» **The data**
^^^^
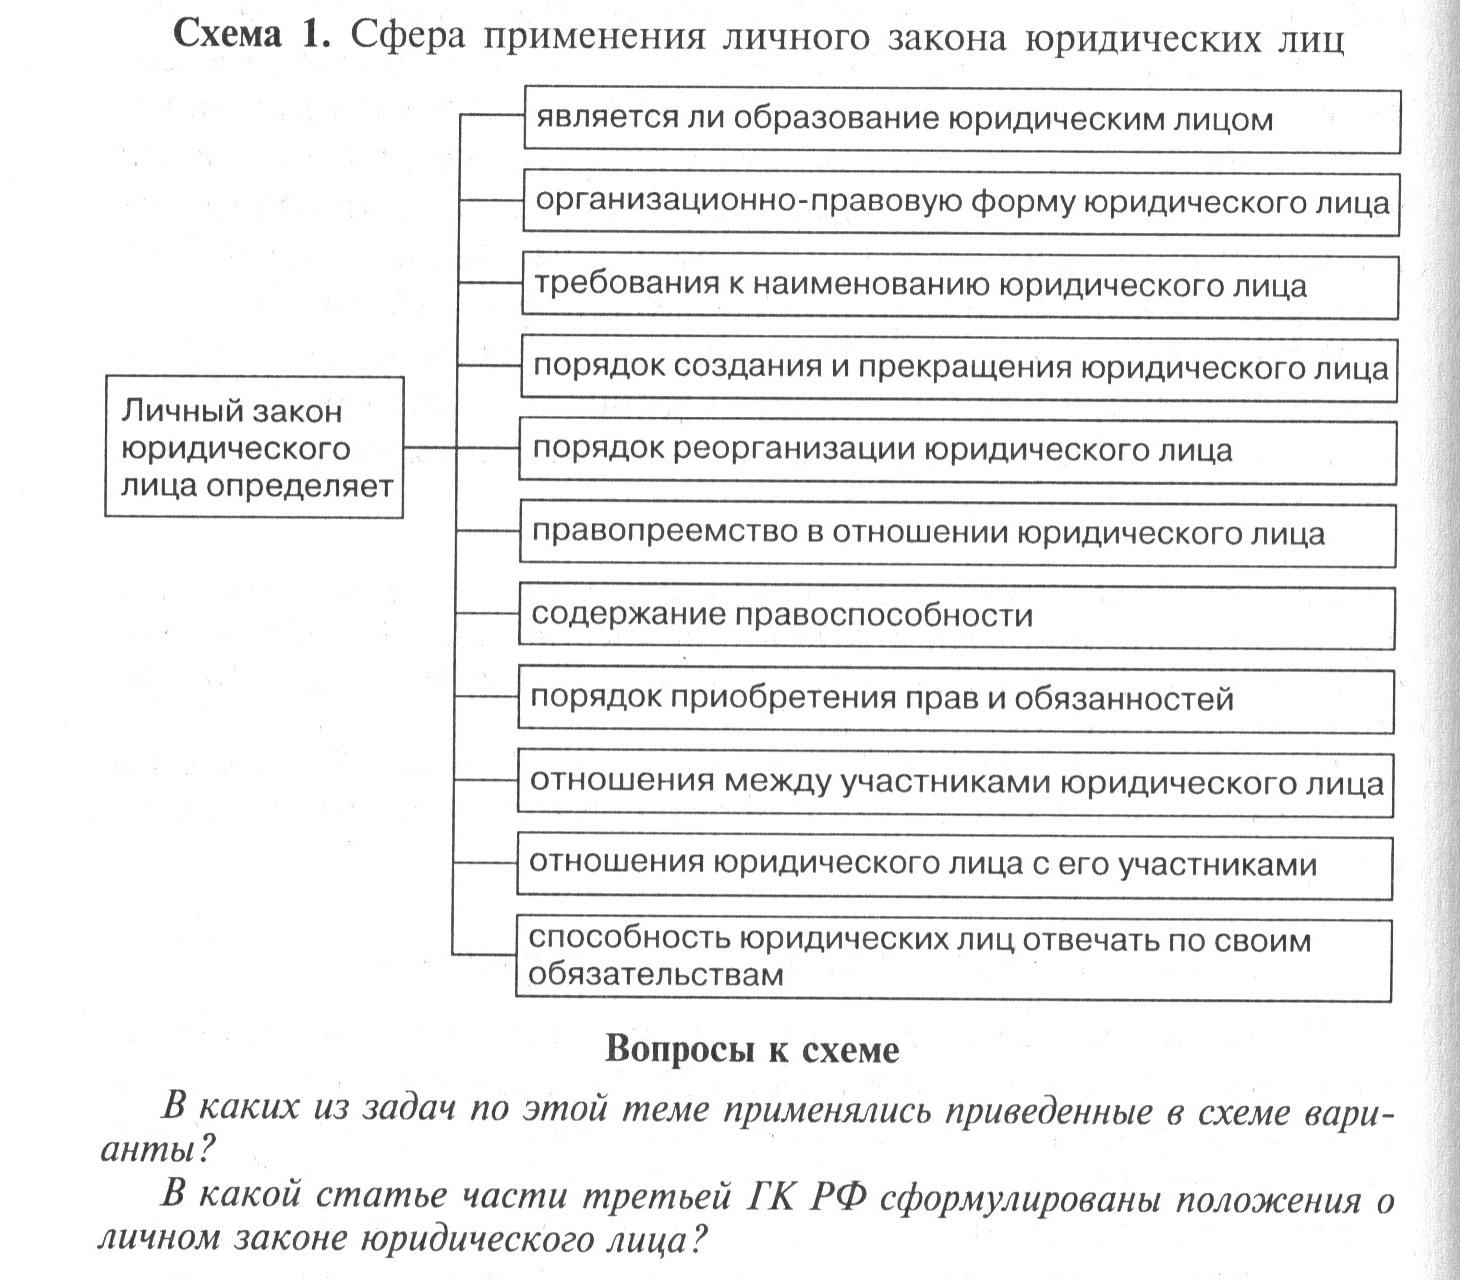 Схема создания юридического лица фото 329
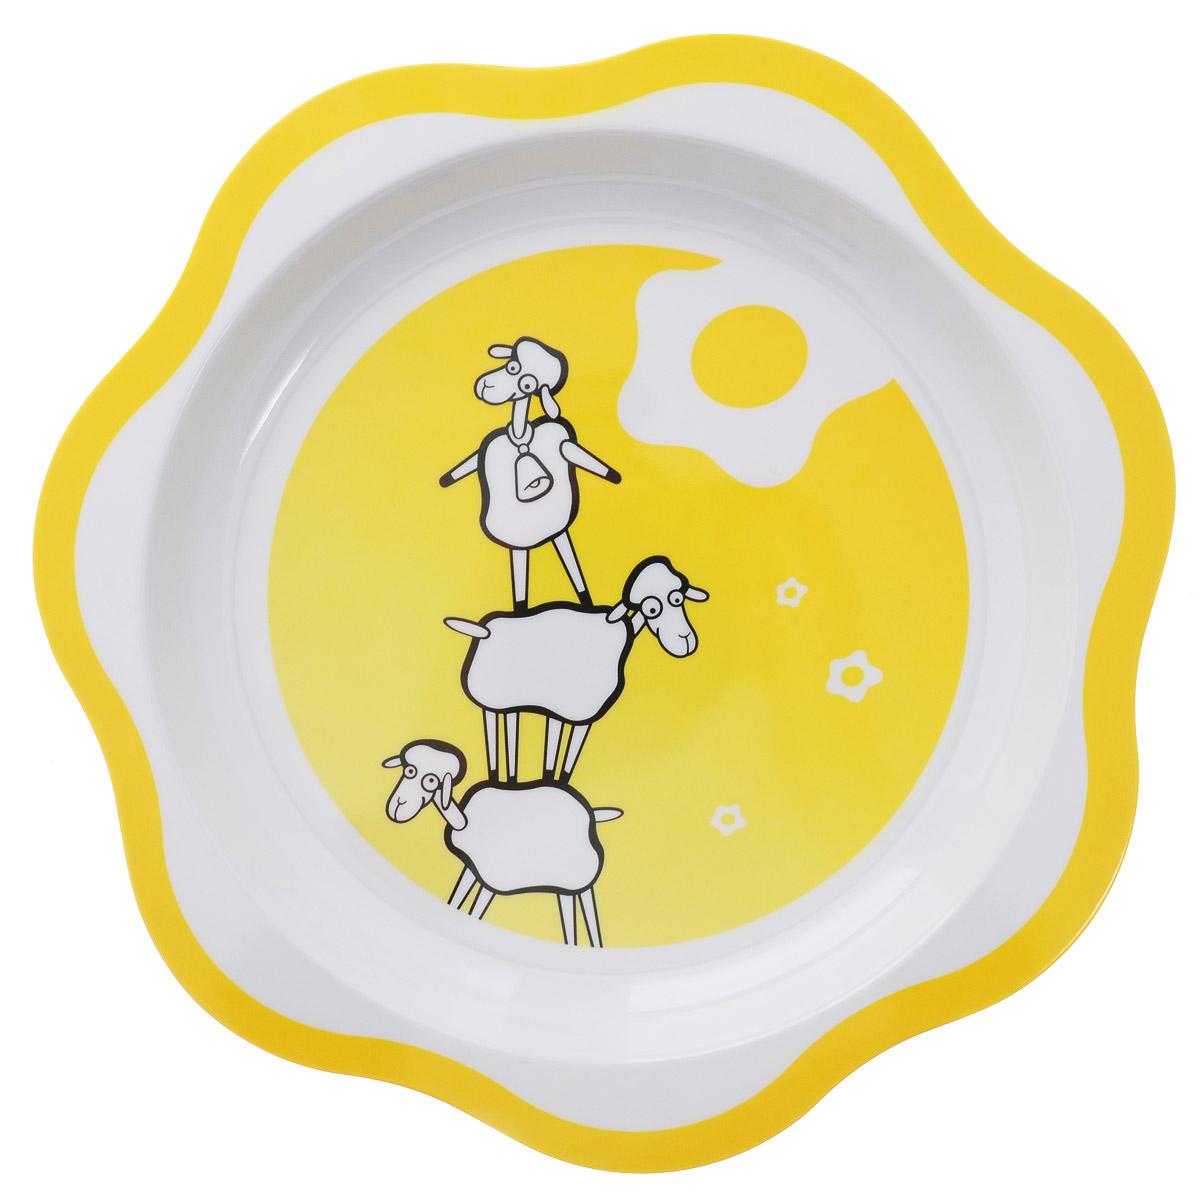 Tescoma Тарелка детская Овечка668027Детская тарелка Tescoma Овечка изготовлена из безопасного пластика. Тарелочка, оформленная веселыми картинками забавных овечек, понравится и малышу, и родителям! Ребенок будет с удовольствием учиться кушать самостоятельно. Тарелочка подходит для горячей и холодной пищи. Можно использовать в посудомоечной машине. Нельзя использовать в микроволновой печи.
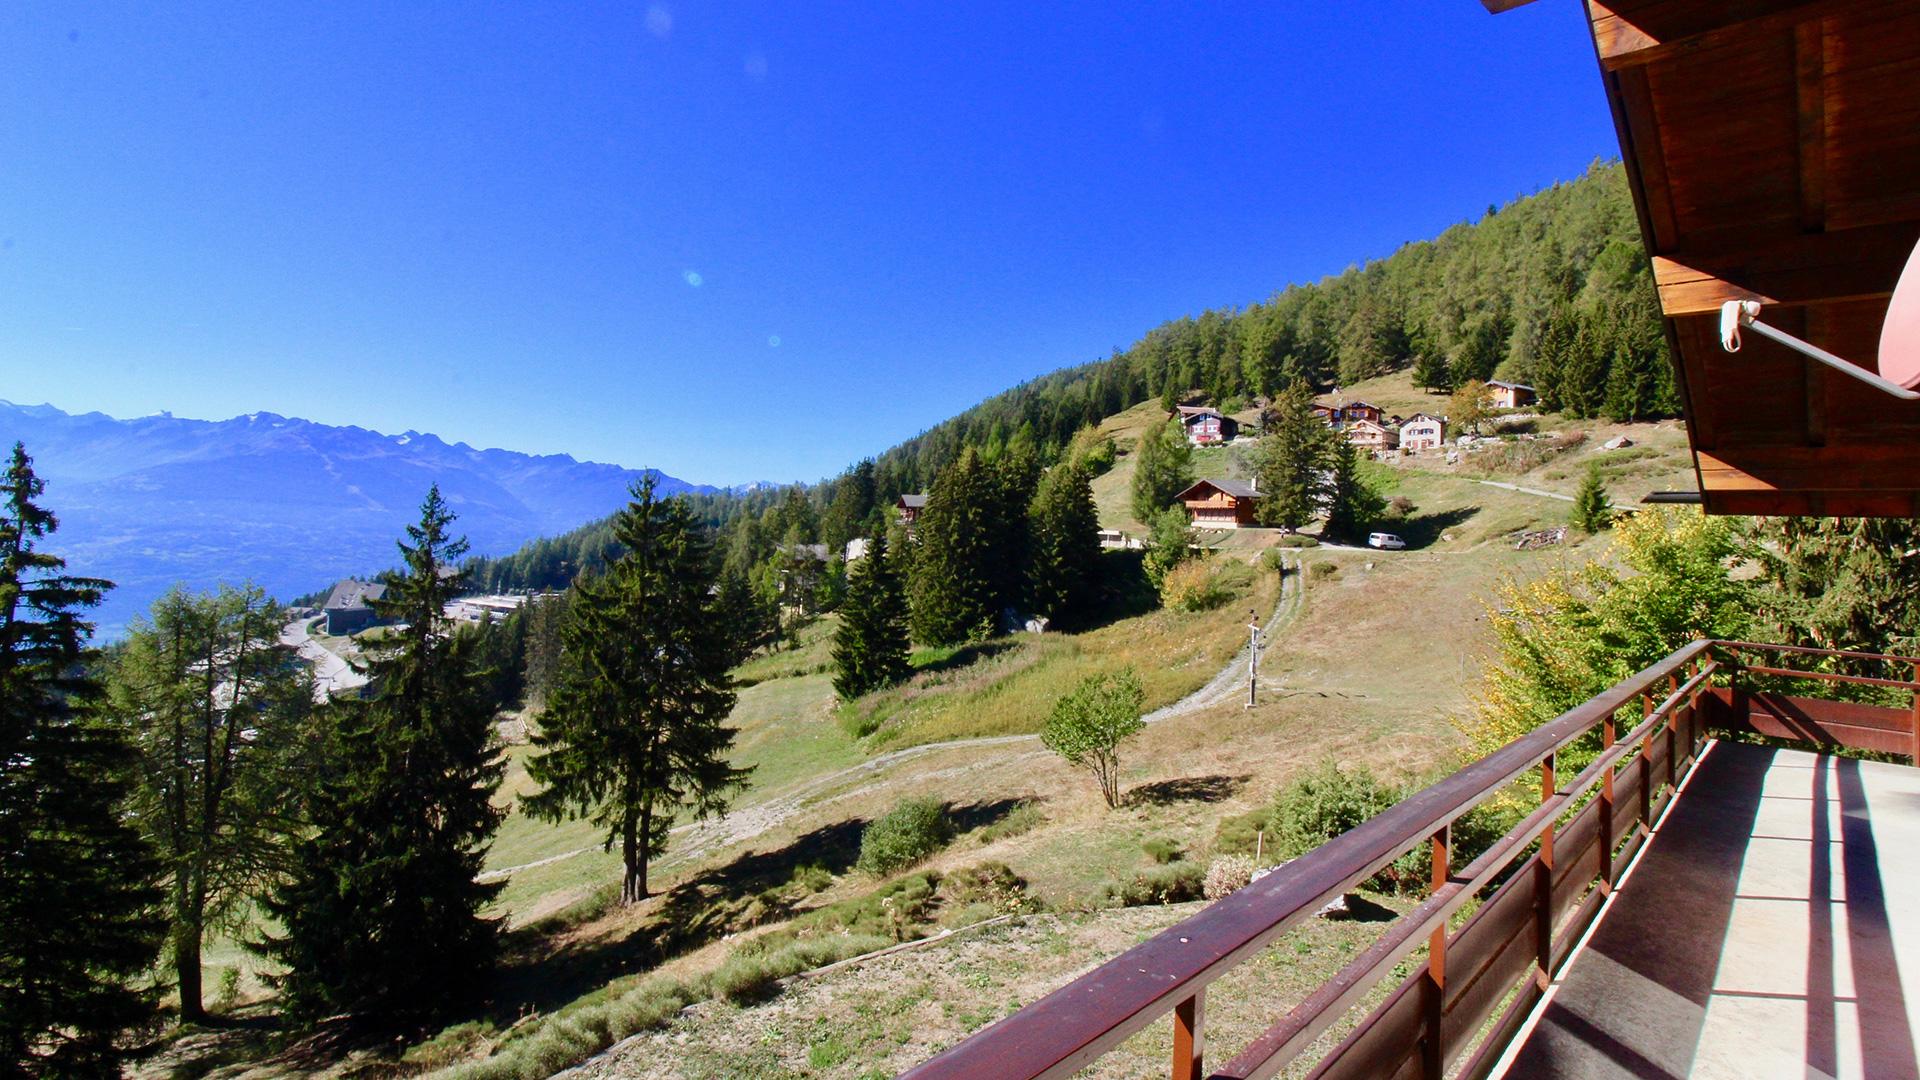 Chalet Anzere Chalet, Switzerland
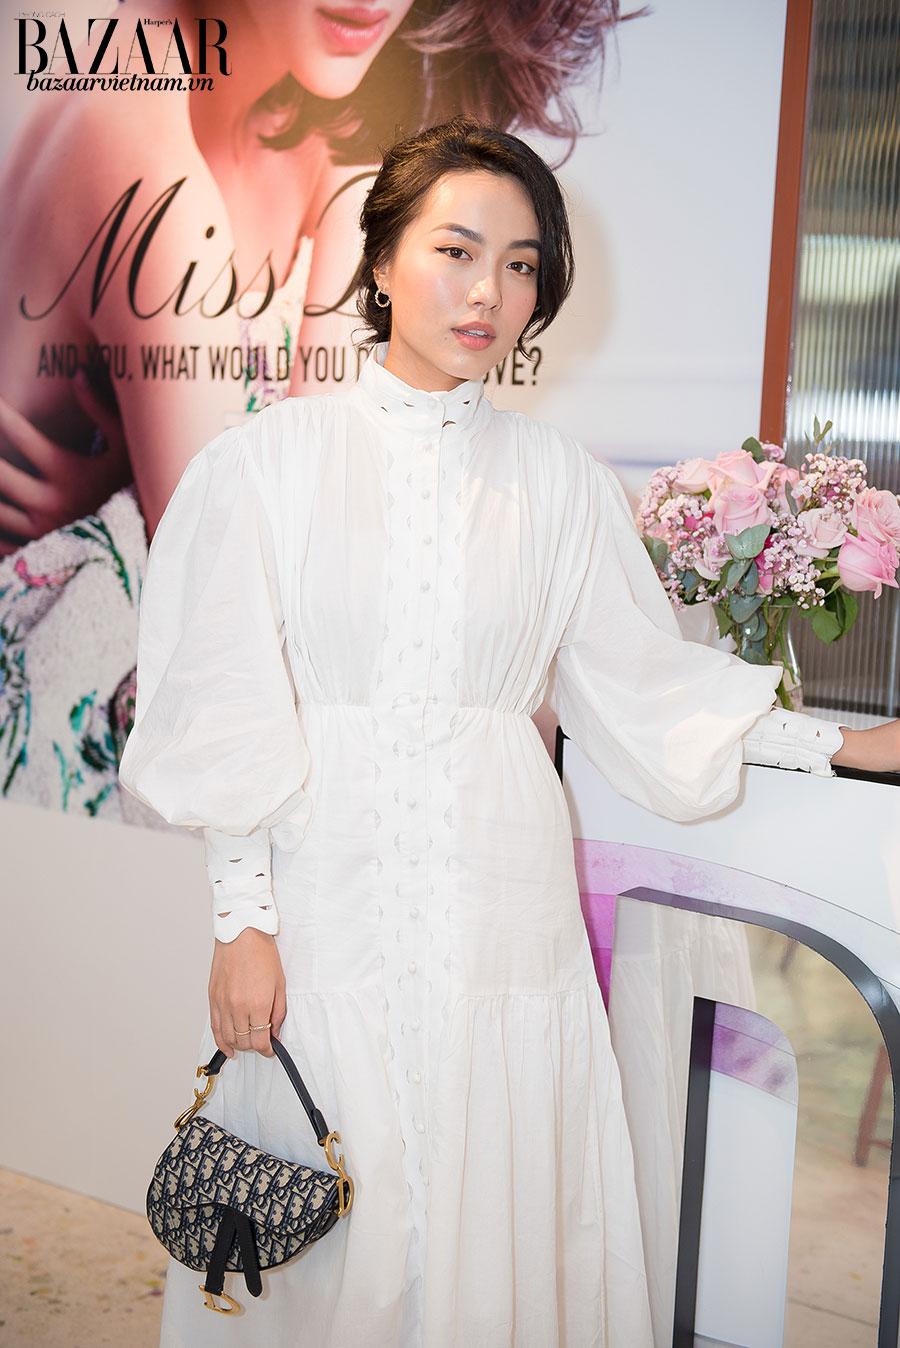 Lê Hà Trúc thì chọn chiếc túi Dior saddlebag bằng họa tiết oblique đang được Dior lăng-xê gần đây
^^^^
» **Exercise description**
Leave the pictures aside and print exactly, and only, the lines from the one with "Tescoma Тарелка детская" through the end of the data, both included.

» **Response for this exercise**
 Tescoma Тарелка детская Овечка668027Детская тарелка Tescoma Овечка изготовлена из безопасного пластика. Тарелочка, оформленная веселыми картинками забавных овечек, понравится и малышу, и родителям! Ребенок будет с удовольствием учиться кушать самостоятельно. Тарелочка подходит для горячей и холодной пищи. Можно использовать в посудомоечной машине. Нельзя использовать в микроволновой печи.
 Chalet Anzere Chalet, Switzerland
 Lê Hà Trúc thì chọn chiếc túi Dior saddlebag bằng họa tiết oblique đang được Dior lăng-xê gần đây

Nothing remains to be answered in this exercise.